I cut four pieces of 1″ x 1/4″ cord rolled steel bar (I really prefer cold-rolled, the hot rolled has mill scale and mashed edges). I welded and ground the four pieces to make a frame, and drilled it for 3/16″ solid rivets. The rivet holes are deeply countersunk on the back so I could form the back of the rivet flat over the countersink.
I cut a piece of .062″ aluminum sheet to fit the frame, plus a 1.5″ tab at the bottom to fill the gap between the wall and the stove. I clamped it in place and match-drilled the holes for the rivets. I dropped rivets into the holes as I went to keep the sheet and frame from getting out of alignment.
Then I sprayed the frame with some black paint, deburred the holes in the aluminum, gave it a sanded texture, and riveted the parts together. I supported the rounded head of the rivet on the front with a steel block that has a dimple in it, and drove the back side of the rivets flush with the sheet. The aluminum sheet and the tail of the rivet deform into the countersink. It’s super strong, and flush.

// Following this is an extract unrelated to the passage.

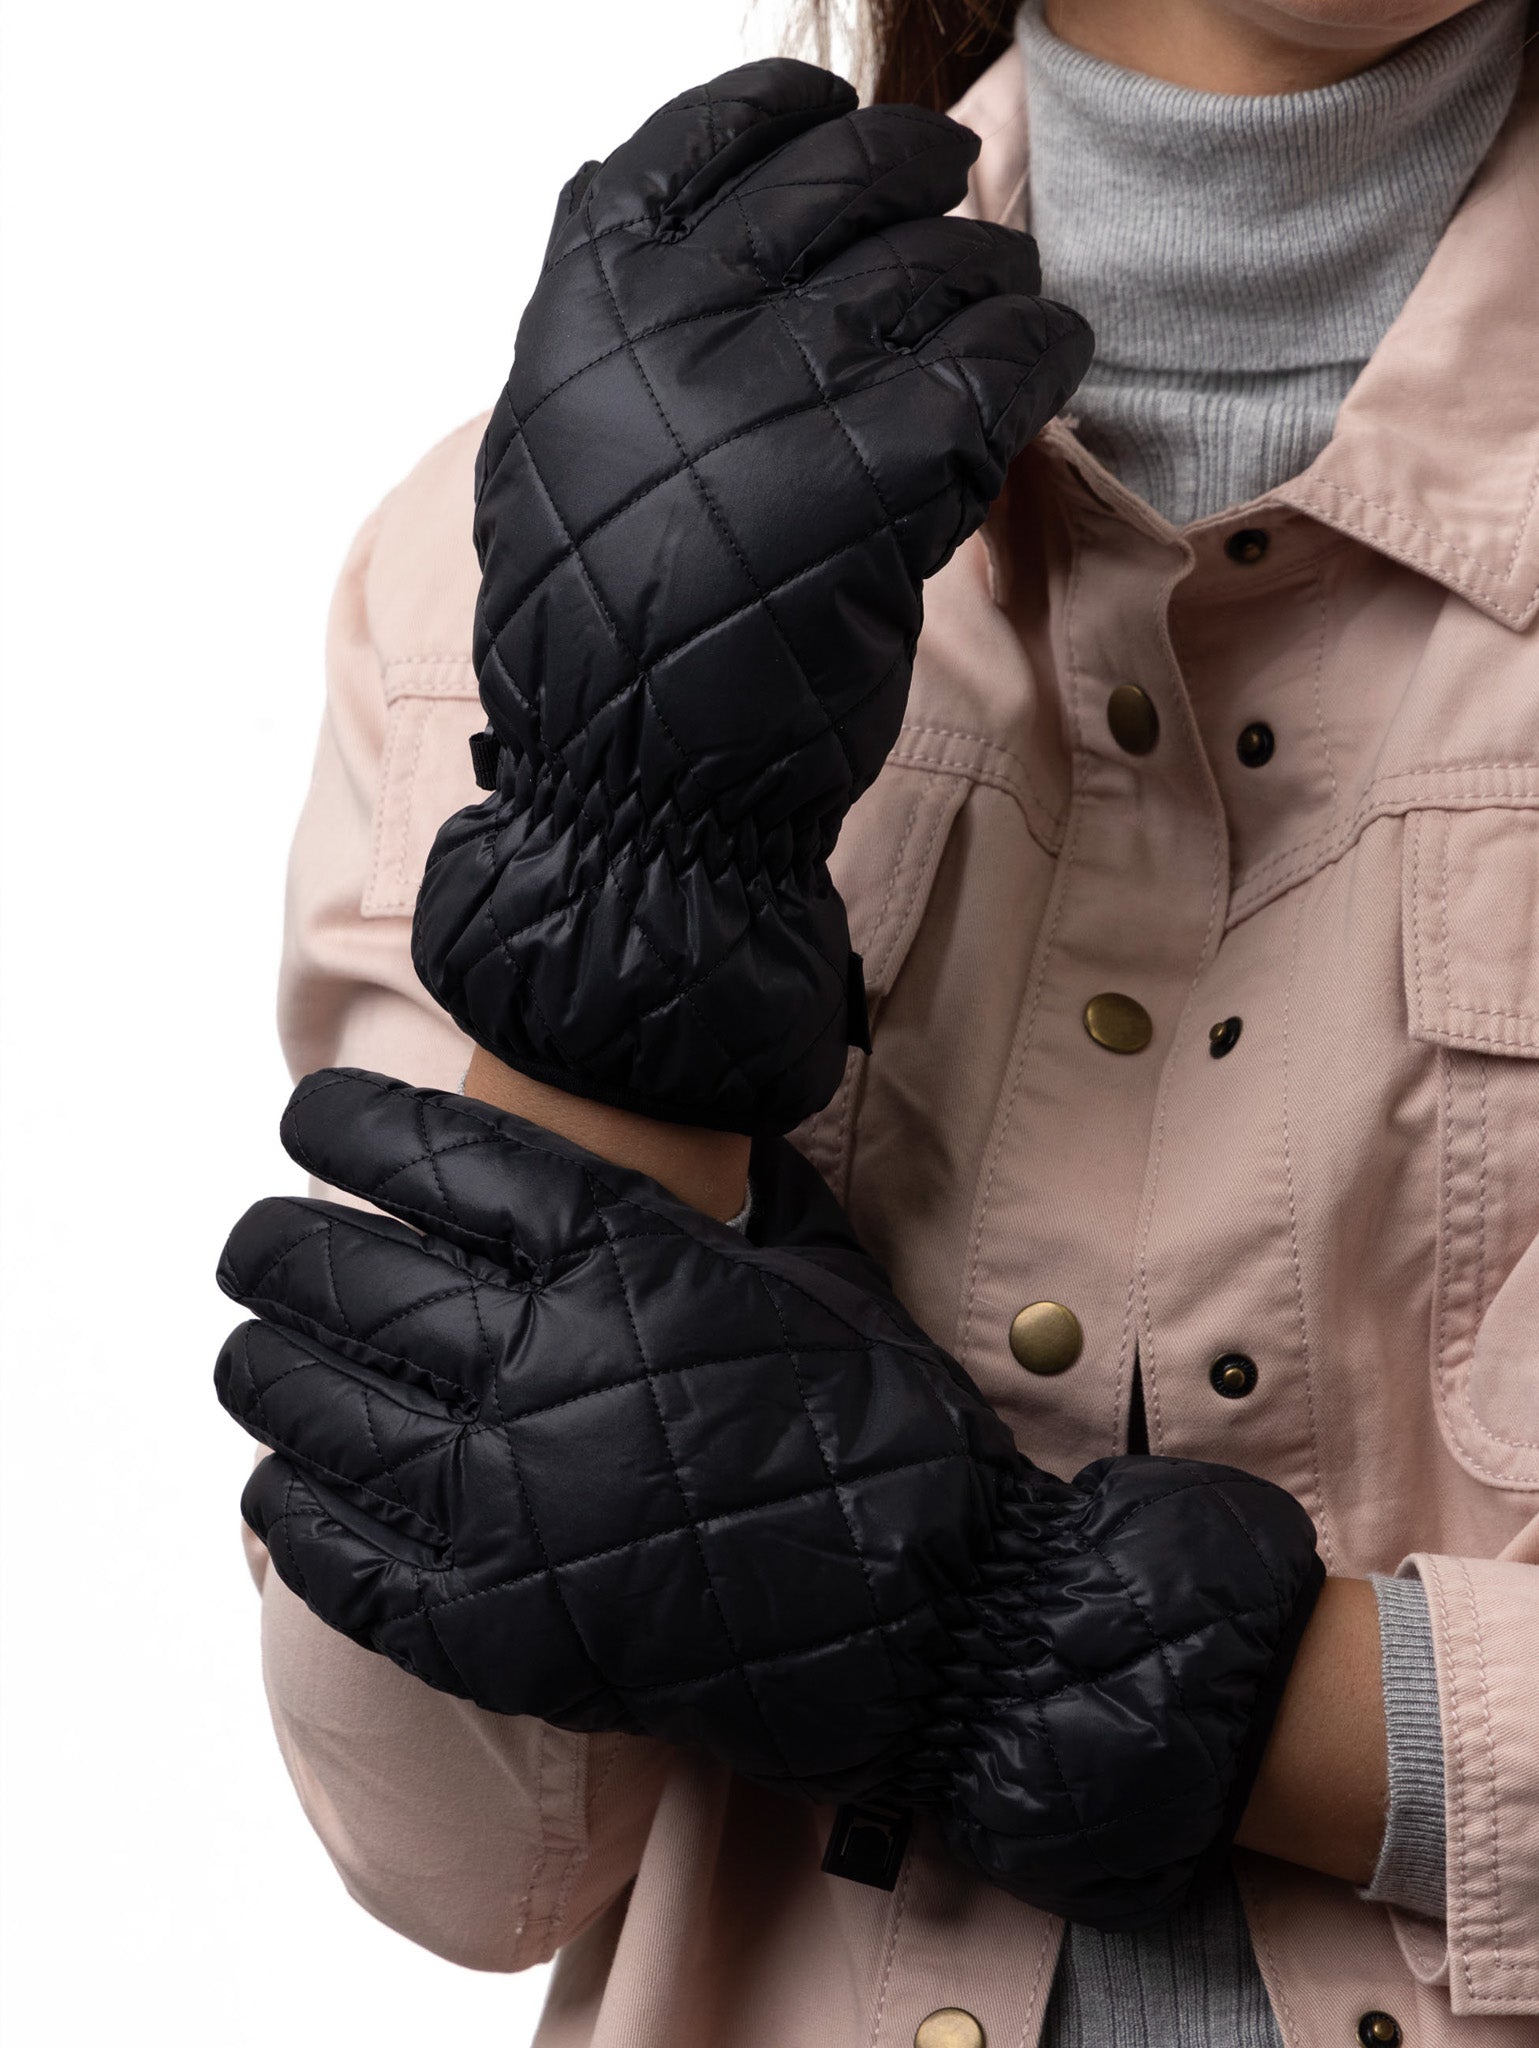 HEAT HOLDERS Bryce Quilted Gloves - Womens
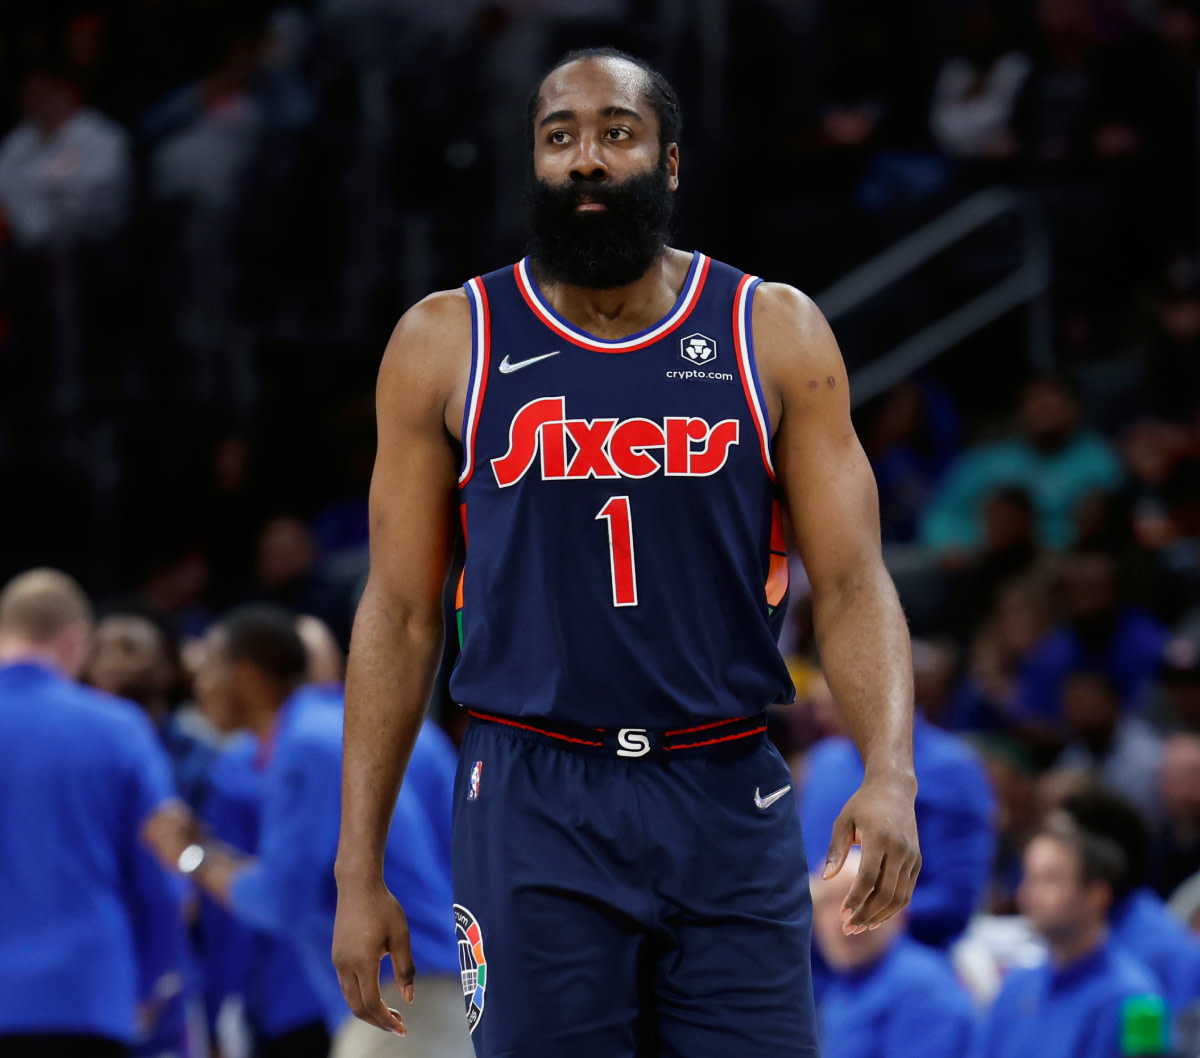 Shaquille O'Neal Says James Harden Needs To Win A Championship: "As A Player That's Been Touted As Great, You Want To Have A Championship Under Your Belt... He Needs It."

Honestly, the hardest part of this project was installing it, I had to make two trips to the hardware store because two of the anchor bolts I bought didn’t work out. One stripped (and I had to hack saw it off and poke the back half thought the wall) and the other just collapsed the drywall and I had to get a different kind of toggle.
My wife and I are both happy with the change. I think it slightly more industrial than she wanted, but at the same time it’s significantly less cheesy that what we had.
Tomorrow I plan to get back to the Underhill nail cabinet, I have all of the stock for the drawers milled, and one test drawer made. I think I can do the other 20 in a day, they are pretty simple.